-- TASK PROMPT --
The reply must consist of the complete listing, reproduced exactly, with no images included.

-- DATASET CONTENT --

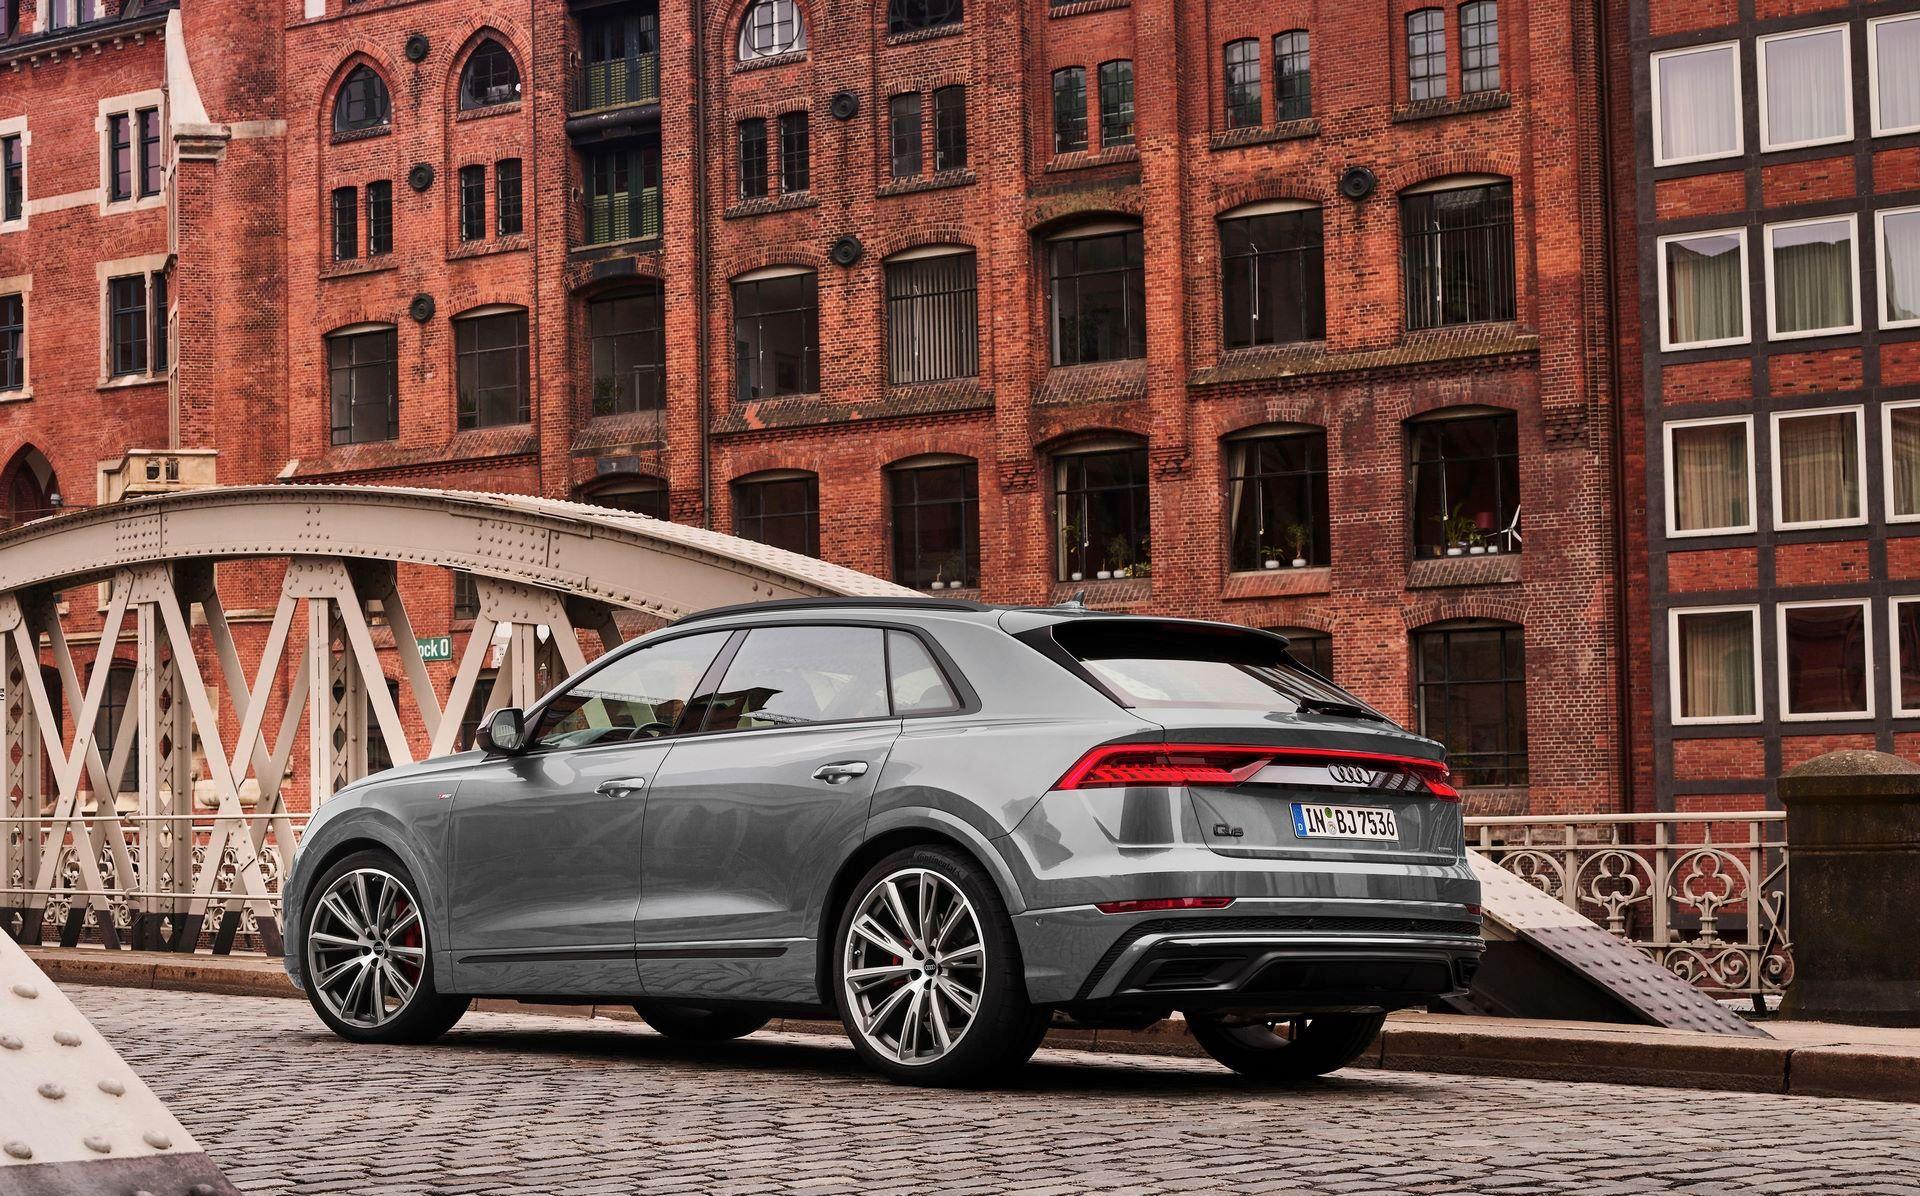 Audi-A4-A5-Q7-Q8-Competition-And-Competition-Plus-Trims-10
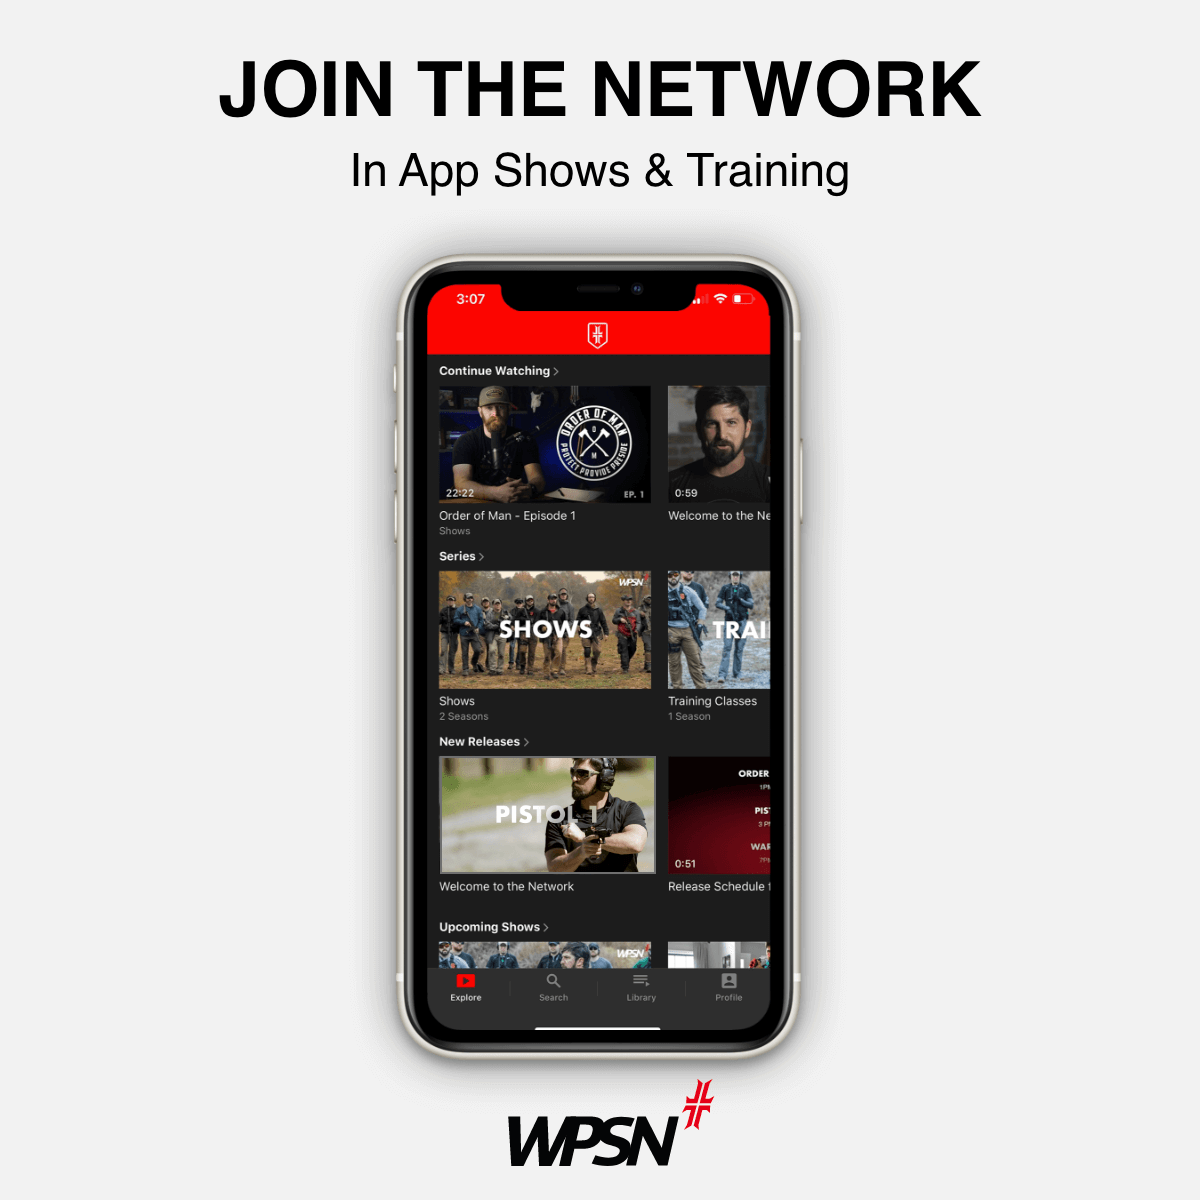 WPS Network
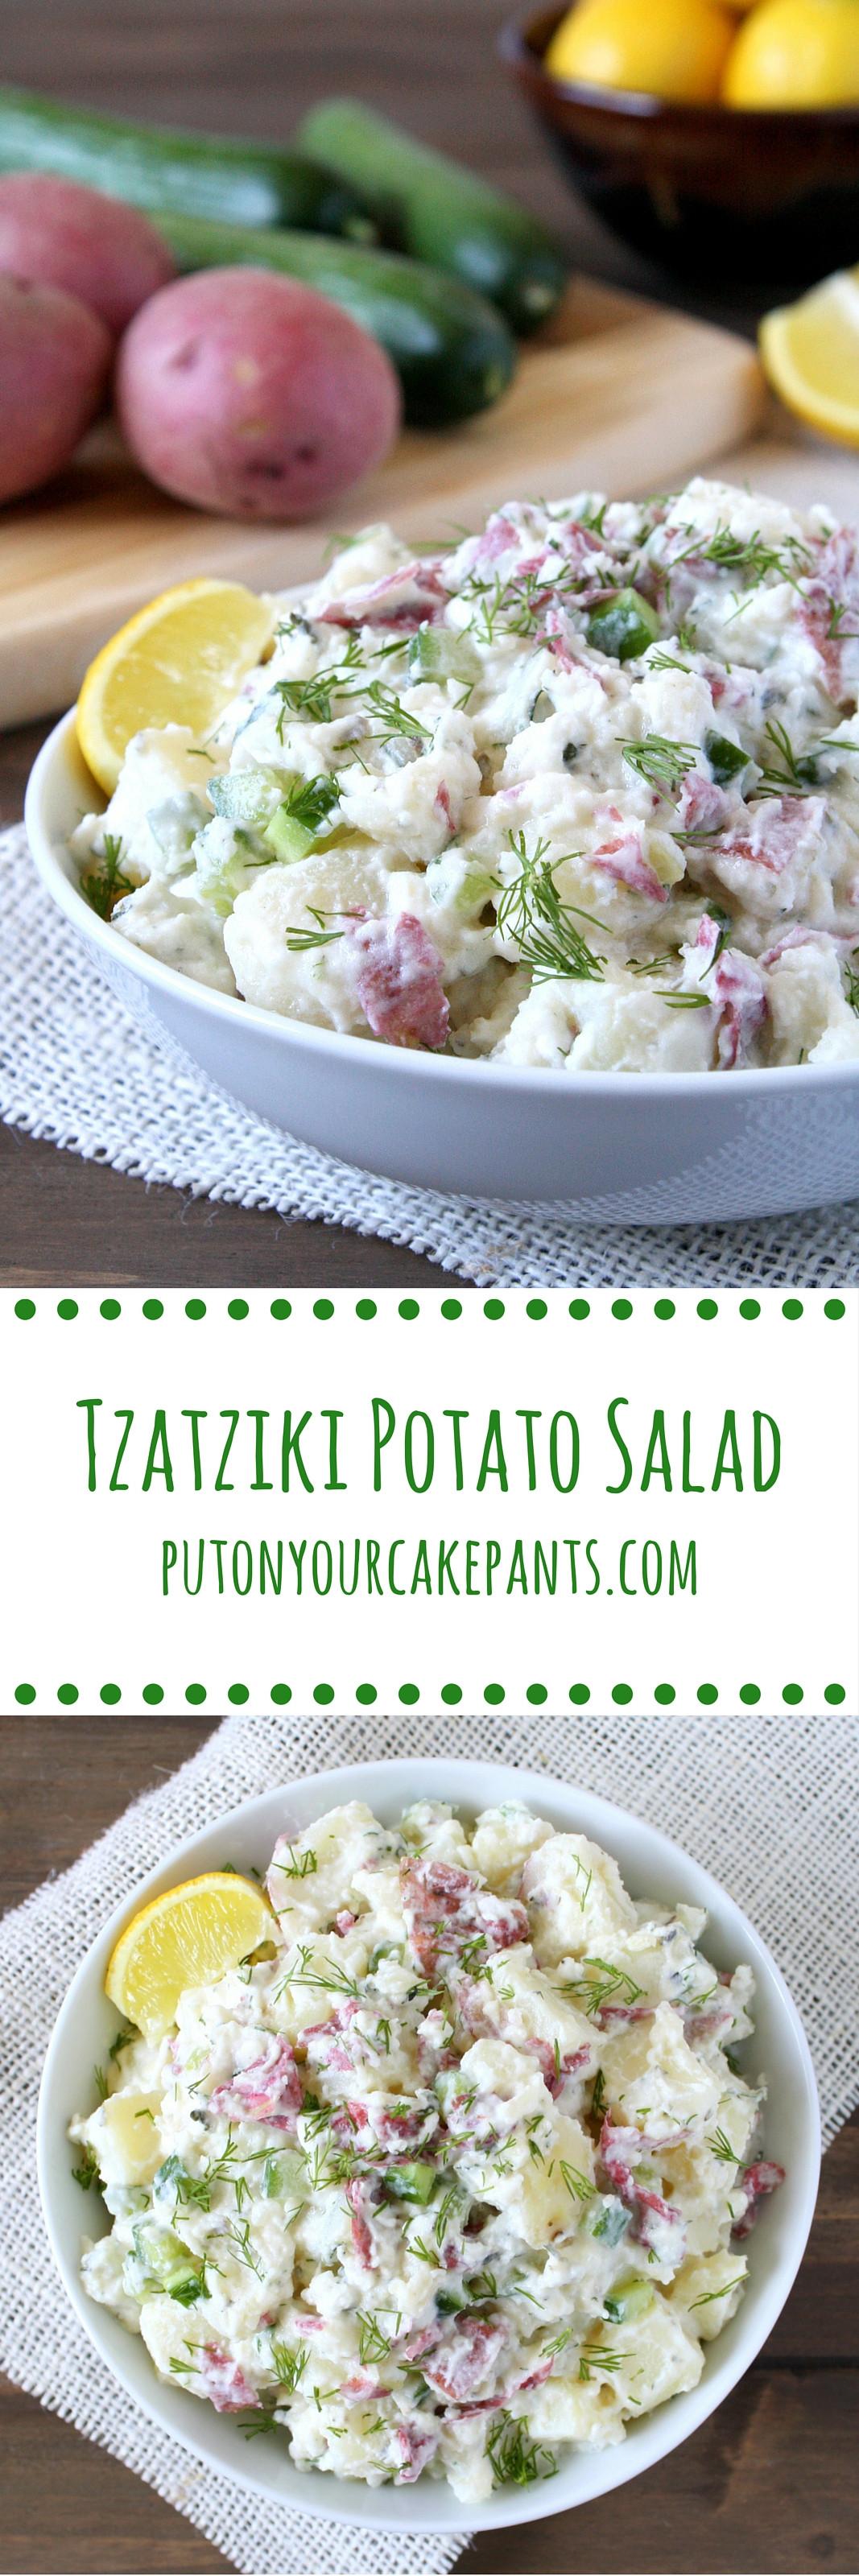 Tzatziki Sauce Kroger  Tzatziki Potato Salad

-- TASK RESULT --
 Audi-A4-A5-Q7-Q8-Competition-And-Competition-Plus-Trims-10
 WPS Network
 Tzatziki Sauce Kroger  Tzatziki Potato Salad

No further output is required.